Metadata-Version: 2.1
Name: fast-jsonl
Version: 0.1.0
Summary: A simple JSONL reader that caches line byte positions for fast loading.
Author-email: Mathew Huerta-Enochian <mathewhe@gmail.com>
Maintainer-email: Mathew Huerta-Enochian <mathewhe@gmail.com>
Project-URL: repository, https://github.com/mathewhuen/fast-jsonl
Project-URL: changelog, https://github.com/mathewhuen/fast-jsonl/blob/main/CHANGELOG.md
Classifier: License :: OSI Approved :: Apache Software License
Classifier: Operating System :: OS Independent
Classifier: Intended Audience :: Developers
Classifier: Intended Audience :: Science/Research
Classifier: Programming Language :: Python :: 3
Classifier: Programming Language :: Python :: 3.8
Classifier: Programming Language :: Python :: 3.9
Classifier: Programming Language :: Python :: 3.10
Classifier: Programming Language :: Python :: 3.11
Classifier: Programming Language :: Python :: 3.12
Requires-Python: >=3.8.0
Description-Content-Type: text/markdown
License-File: LICENSE
Requires-Dist: filelock
Provides-Extra: dev
Requires-Dist: pytest ; extra == 'dev'
Requires-Dist: black ; extra == 'dev'
Requires-Dist: sphinx ; extra == 'dev'
Requires-Dist: sphinx-copybutton ; extra == 'dev'
Requires-Dist: pydata-sphinx-theme ; extra == 'dev'
Requires-Dist: myst-parser ; extra == 'dev'

# fast-jsonl

A very simple library for reading large JSONL files.

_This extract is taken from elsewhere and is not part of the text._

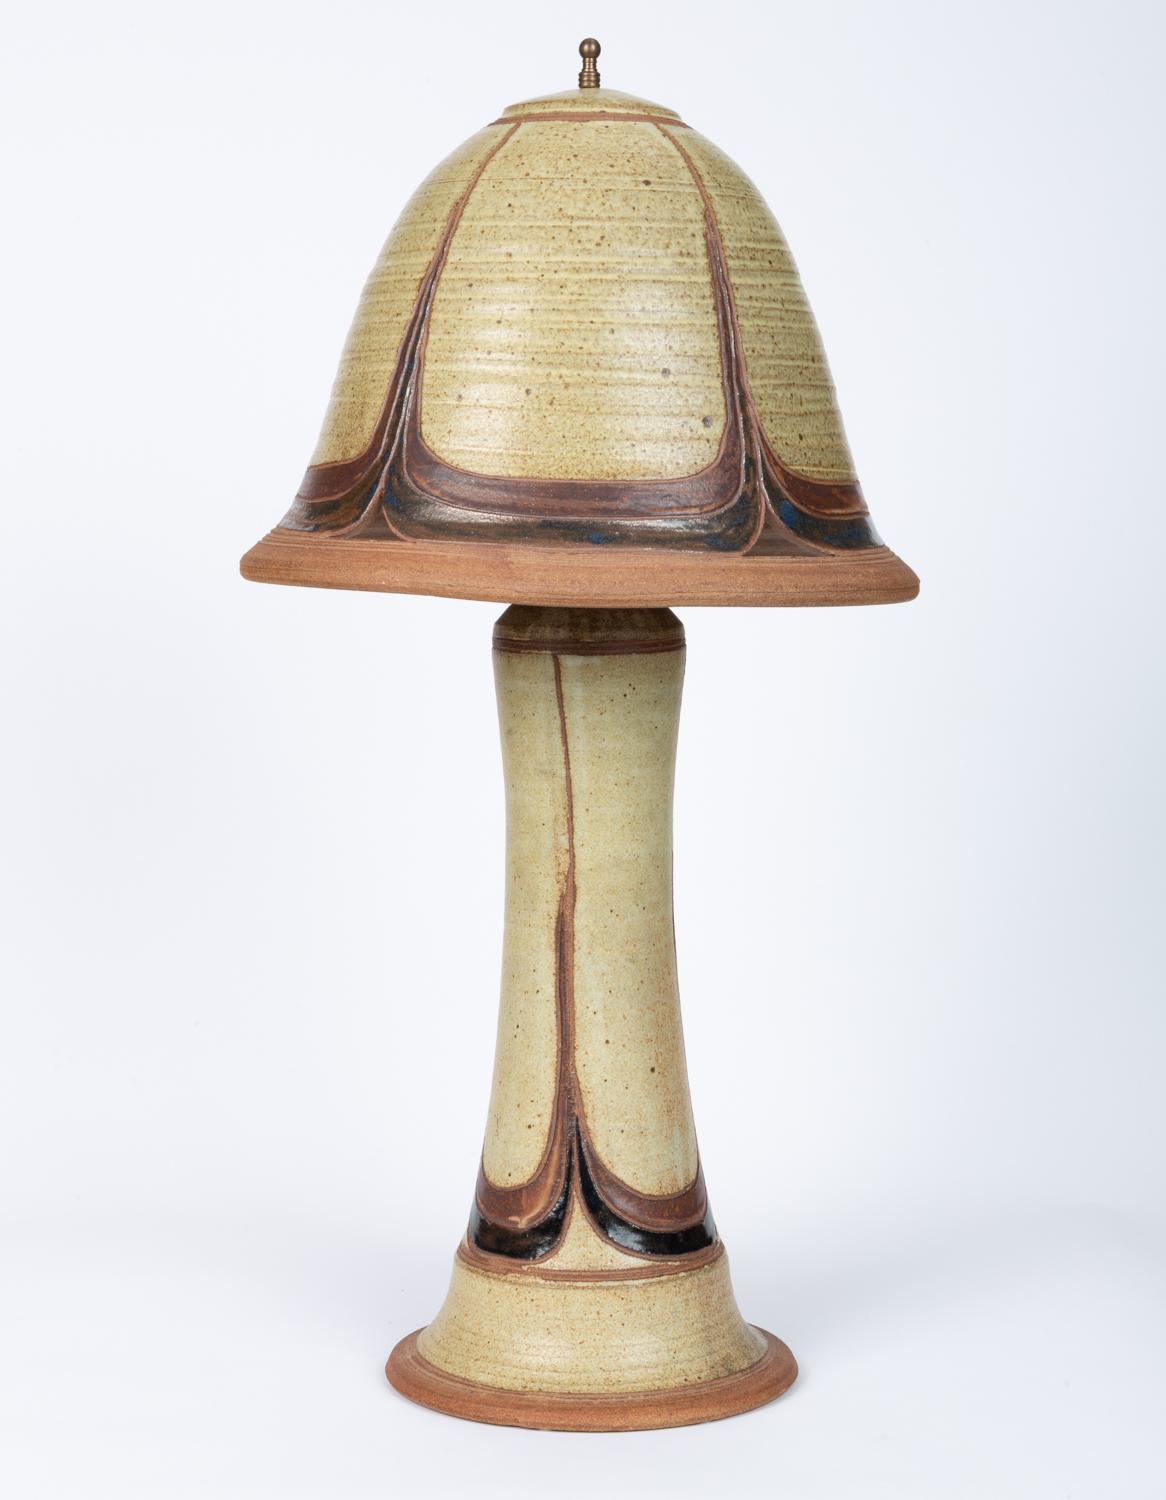 American Studio Lamp with Ceramic Lamp Shade

This library uses a line-byte cache that must be calculated once per a file and
can be used across threads and runtimes until the JSONL file is changed.

## Why?

fast-jsonl is intended for data science and machine learning workflows that use
large JSONL files that cannot be practically loaded into memory (especially
when using multiprocessing).

In most JSONL reading scenarios, fast-jsonl should work well. Some examples of
use-cases for fast-jsonl:
- Random access to one or multiple JSONL files (e.g., PyTorch DataLoaders),
- Slices of or index-based access to one or multiple JSONL files (e.g.,
  exploratory data analysis), or
- Combining multiple data files into a single data object.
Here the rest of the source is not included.